1

1.1K 182 46
                                    


"Aku ingin terbang tinggi seperti elang."

Jeongguk

2001

Lalu lalang mobil tidak begitu ada pengaruhnya untuk Jeongguk yang cuma sebatas bongkahan api. Melayang-layang diterpa angin dan sekarang sembunyi di balik rimbunnya daun sekitaran Candi Borobudur. Tumpukan batu besar yang membentuk sebuah bangunan peninggalan, sedikit lebih ramai dari biasanya. Kalau tidak hati-hati, Jeongguk bisa jadi bulan-bulanan warga. Tidak sedikit yang percaya kalau makhluk seperti dirinya bisa ditemui bahkan di siang hari. Ia baru bisa bernapas lega kalau hari mulai sedikit redup dan kedengaran lantunan suara orang mengaji dari musollah.

Kalau tidak karena butuh, Jeongguk bakal mengumpat ke siapa saja yang menyuruhnya datang ke tempat seperti ini. Ia harus menemui seseorang. Penting sekali sampai tidak bisa diwakilkan. Pada dasaranya memang ia tidak bisa disejajarkan dengan makhluk lain yang punya ilmu lebih rendah dari Banaspati. Sedang kawan satu spesiesnya pasti punya keteguhan sekeras dirinya yang pantang disuruh-suruh oleh makhluk lain.
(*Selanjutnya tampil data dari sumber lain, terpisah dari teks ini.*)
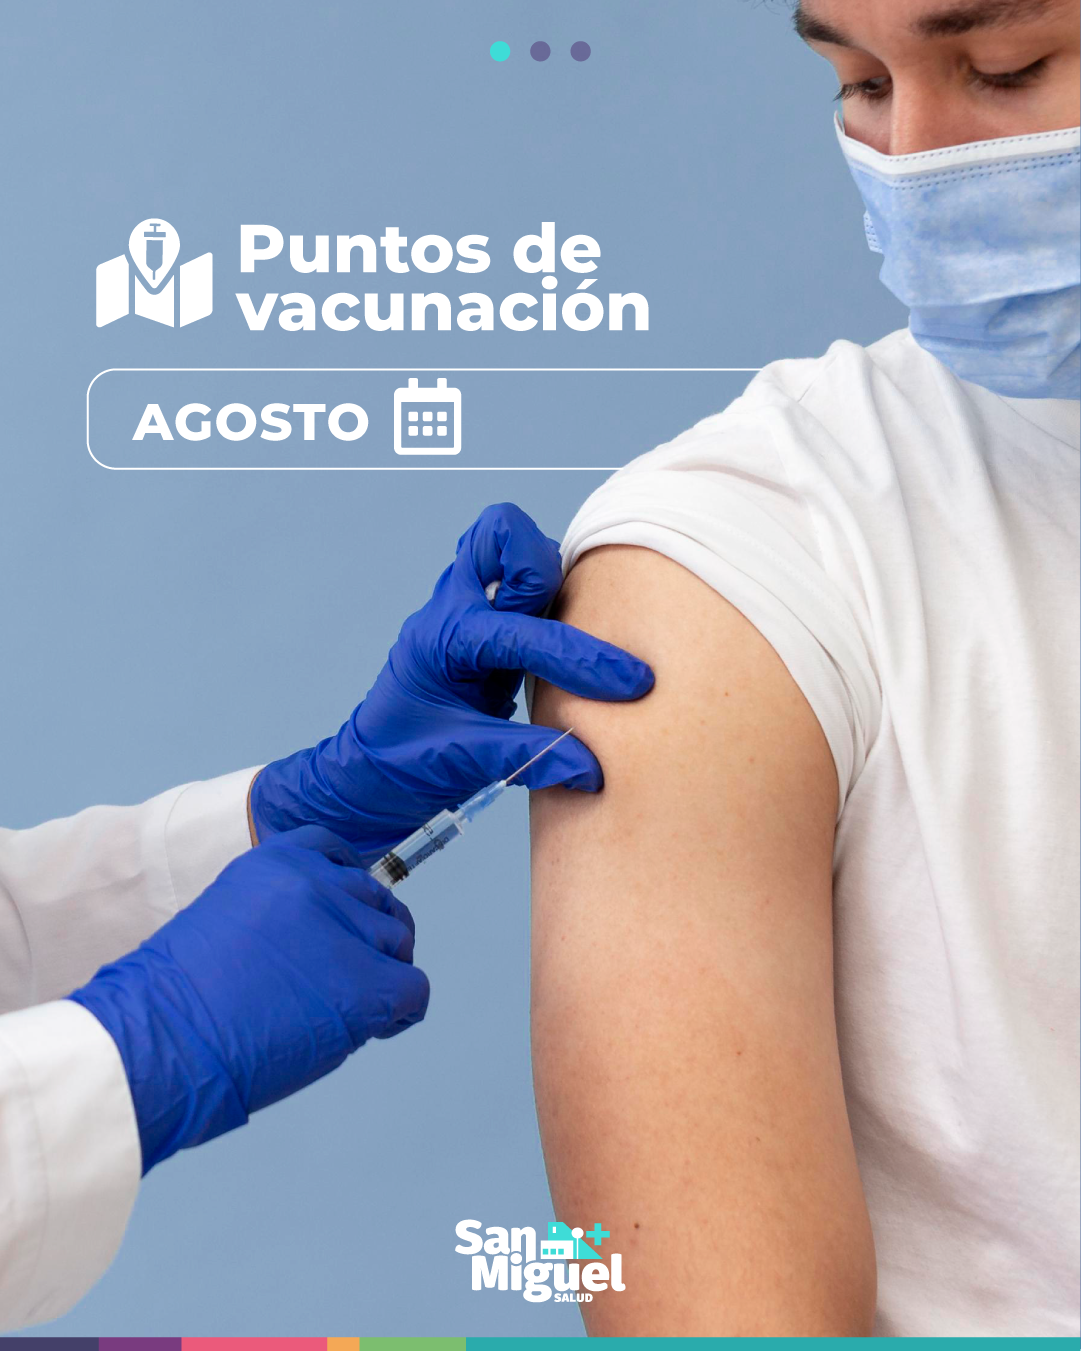 Puntos de Vacunacion_agosto_feed 01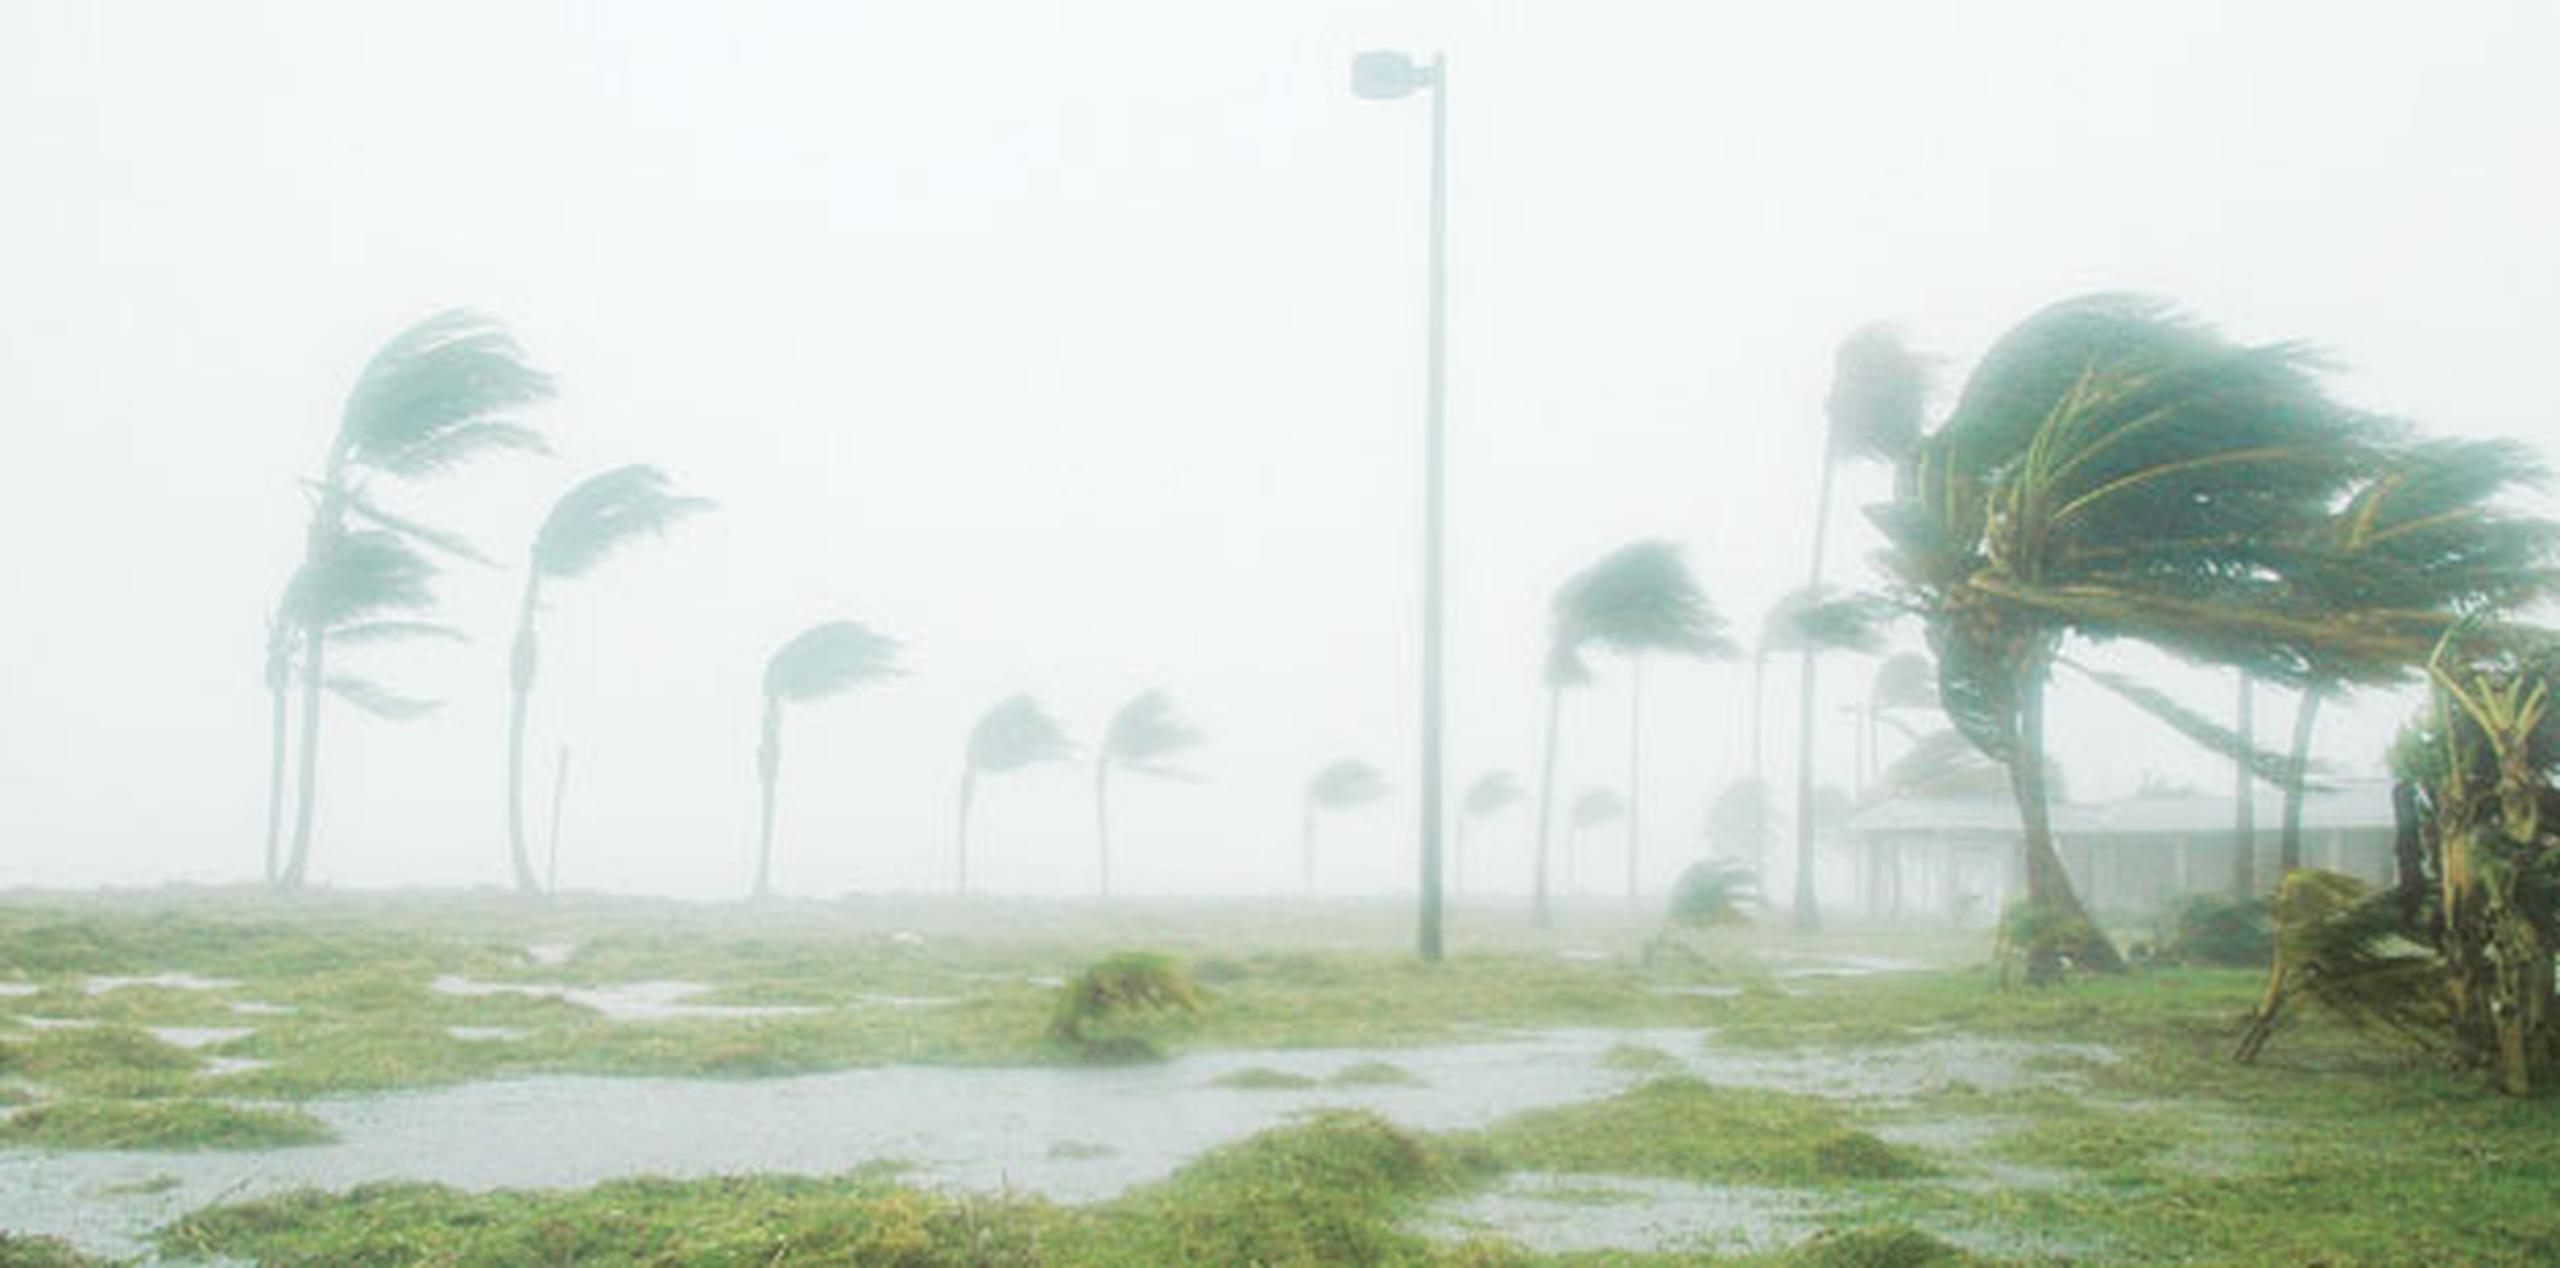 Con el fin de la temporada de huracanes 2015, el estado de Florida continúa una racha de diez años sin sufrir el impacto de un huracán, lo que supone un nuevo récord para la península. (Archivo)

Kalaupun ia dimintai orang pintar untuk mengirim santet, Jeongguk biasanya tidak bakal terima tumbal manusia. Ia cuma butuh orang-orang datang ke pemakaman pahlawan di desa sekitar dan bersambang sampai akhir hayat mereka. Kedengaran lembek, kalau dipikir lagi.

Setelan warna biru telur asin dan celana kain cokelat yang lewat, seakan jadi penanda kalau Jeongguk sudah bertemu dengan orang yang tepat. Sosok pemuda itu tinggi dengan kacamata cokelat yang bertengger di hidung. Besar sampai mungkin bisa muat dua mata lain kalau diselipkan. Satu sunduk es krim yang mulai leleh di tangannya membuat Jeongguk ragu beberapa saat.

"Kowe nek arep seusatu, diomongken. Ojo mung ndelok i wae.[4]"

Jeongguk hampir terkesiap ketika mengambil wujud manusia dan sosok di hadapannya memutar badan. Bertemu tatap dengannya yang mengerjap-ngerjap keheranan. "Samean[5] bisa lihat aku?" Tanyanya.

"Yo iso. [6] Wong kita ini sejenis." Sosok itu punya senyum kotak

Jeongguk

2009

"Aku iki wes ngomong nek kowe iku canggung. [7]"

Sekarang Jeongguk terang-terangan mengerlingkan mata. Tidak perlu repot-repot menahan diri di hadapan kawan lamanya yang punya bara api pula di balik badan. Kalau disandingkan, mereka kelihatan beda. Satu dengan setelan baju abdi dalem yang rapi, lengkap dengan blangkon dan samir; satu lagi berbaju khas pakaian dinas sekretaris di jaman 1900-an. Keduanya duduk santai sambil minum kopi di warung. Mengambil wujud manusia sebentar supaya tidak dikejar-kejar warga. Capai juga kalau harus selalu sembunyi. "Ndasmu kuwi. [8]"

"Nek ora [9], coba tanya Adriaan."

"Nyapo malah jebul Adriaan? [10]"

"Kalian berdua, kan, kemana-mana kayak petani dan bebek. Nek de e nyuruh kowe mangan boto, paling juga mbok pangan. [11]"

"Untumu. [12]"

Jeongguk bisa dengar suara lawan bicaranya yang terbahak-bahak sampai hampir menyenggol seorang ibu-ibu yang mengantar kopi. Setelah diletakkan di meja, baru kawannya minta maaf.

"Jeongguk, aku masih heran. Wajahmu nggak ada jowo-jowone blas. [13]" Suara seruputan kopi jadi penjeda. "Waktu pertama ketemu, kalau aku nggak sadar kamu itu sejenis dengan aku, aku bakal tertawa di depan wajah kamu."